** WHAT TO PRODUCE **
Beneath this line are entries. Copy the range from the line with "Crucifixion icon c. hales kqmqco" to the line with "Desmopressin Acetate/Health and Medical", ends included, exactly; leave pictures out.

** MATERIAL SHOWN **
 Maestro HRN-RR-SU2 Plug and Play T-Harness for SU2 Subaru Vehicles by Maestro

--

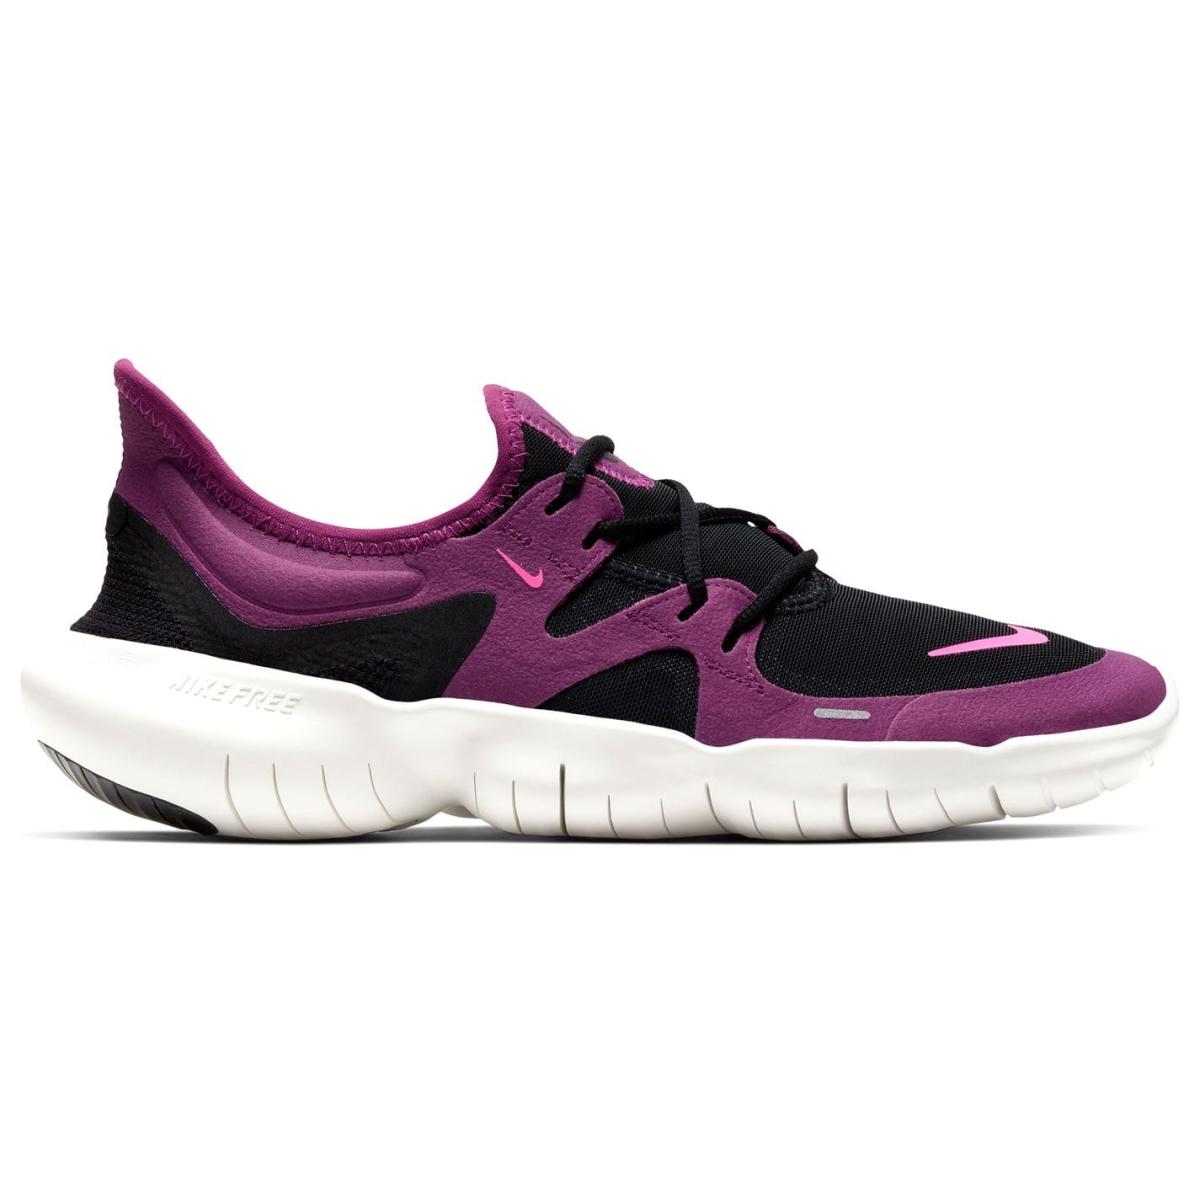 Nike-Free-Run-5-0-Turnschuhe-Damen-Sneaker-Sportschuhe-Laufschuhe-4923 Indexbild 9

* * *

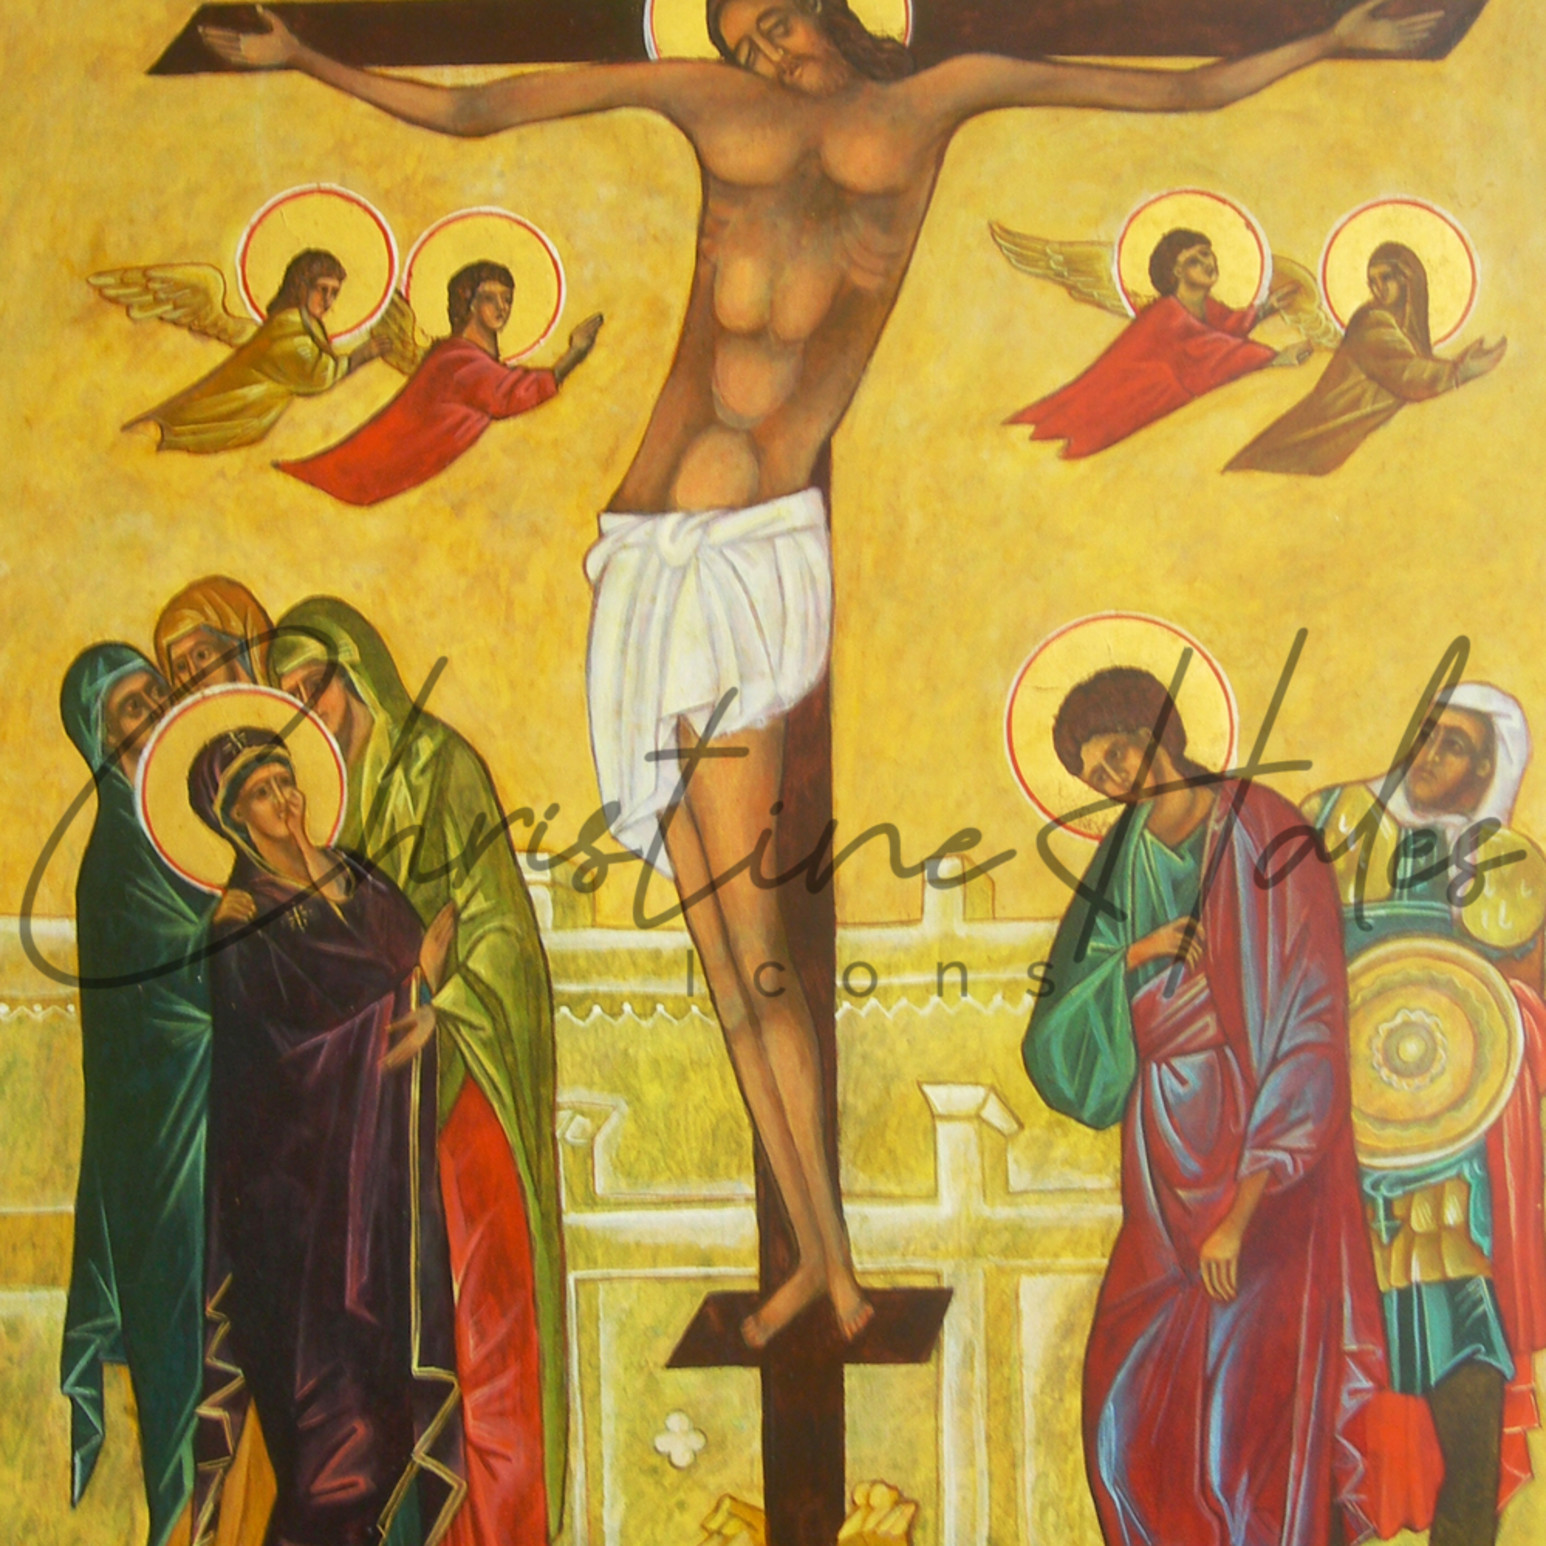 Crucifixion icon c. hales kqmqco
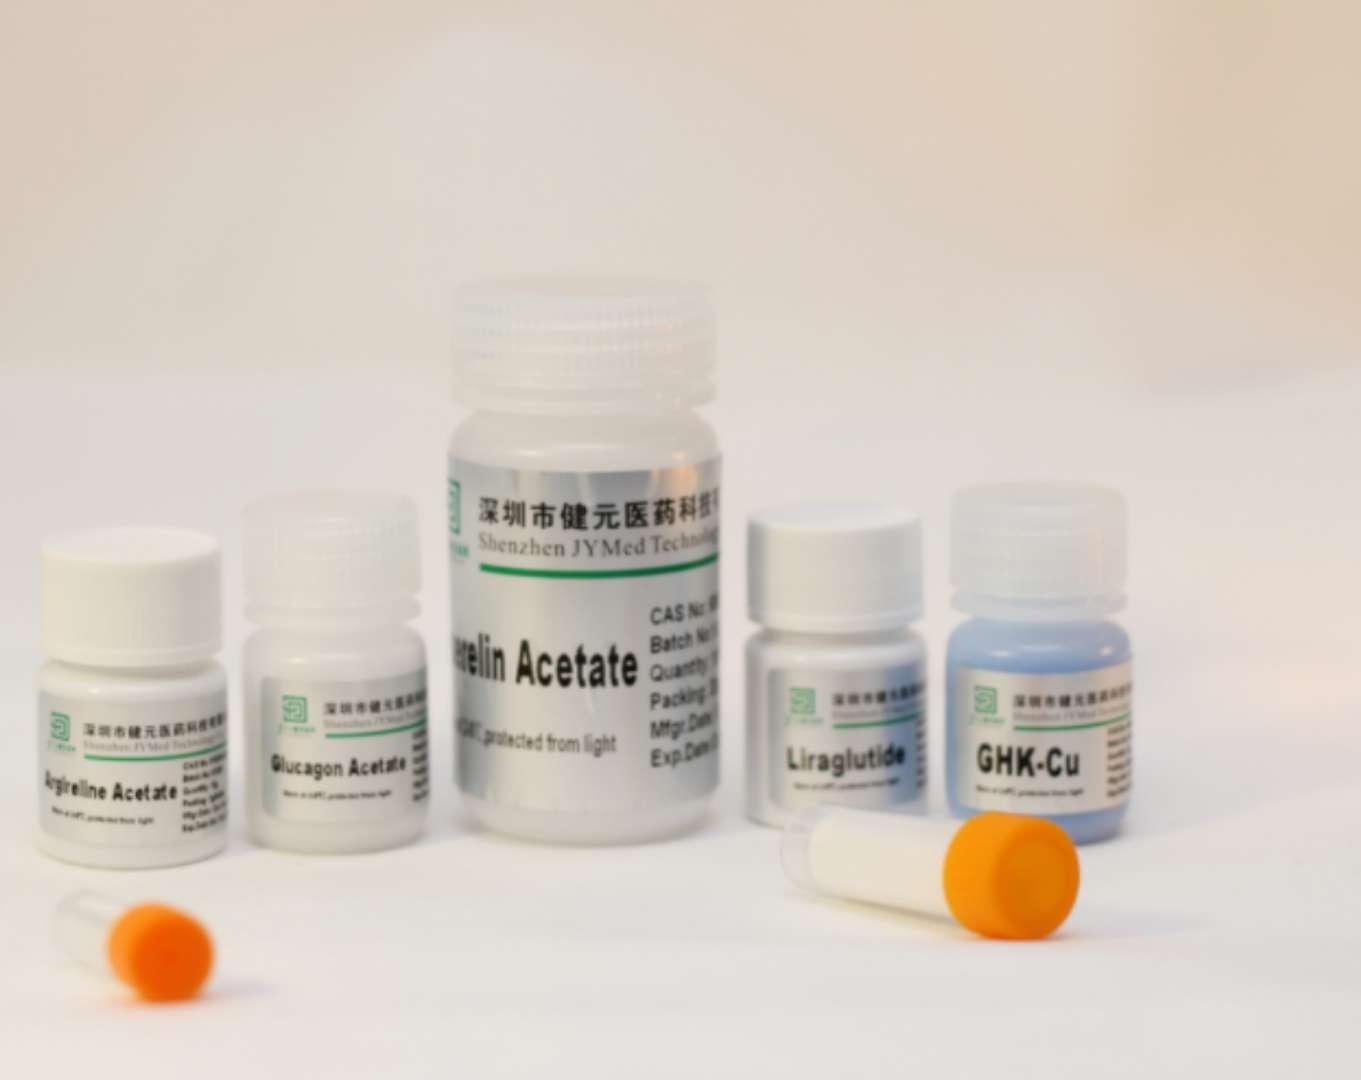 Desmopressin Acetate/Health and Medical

** YOUR RESPONSE **
 Crucifixion icon c. hales kqmqco
 Desmopressin Acetate/Health and Medical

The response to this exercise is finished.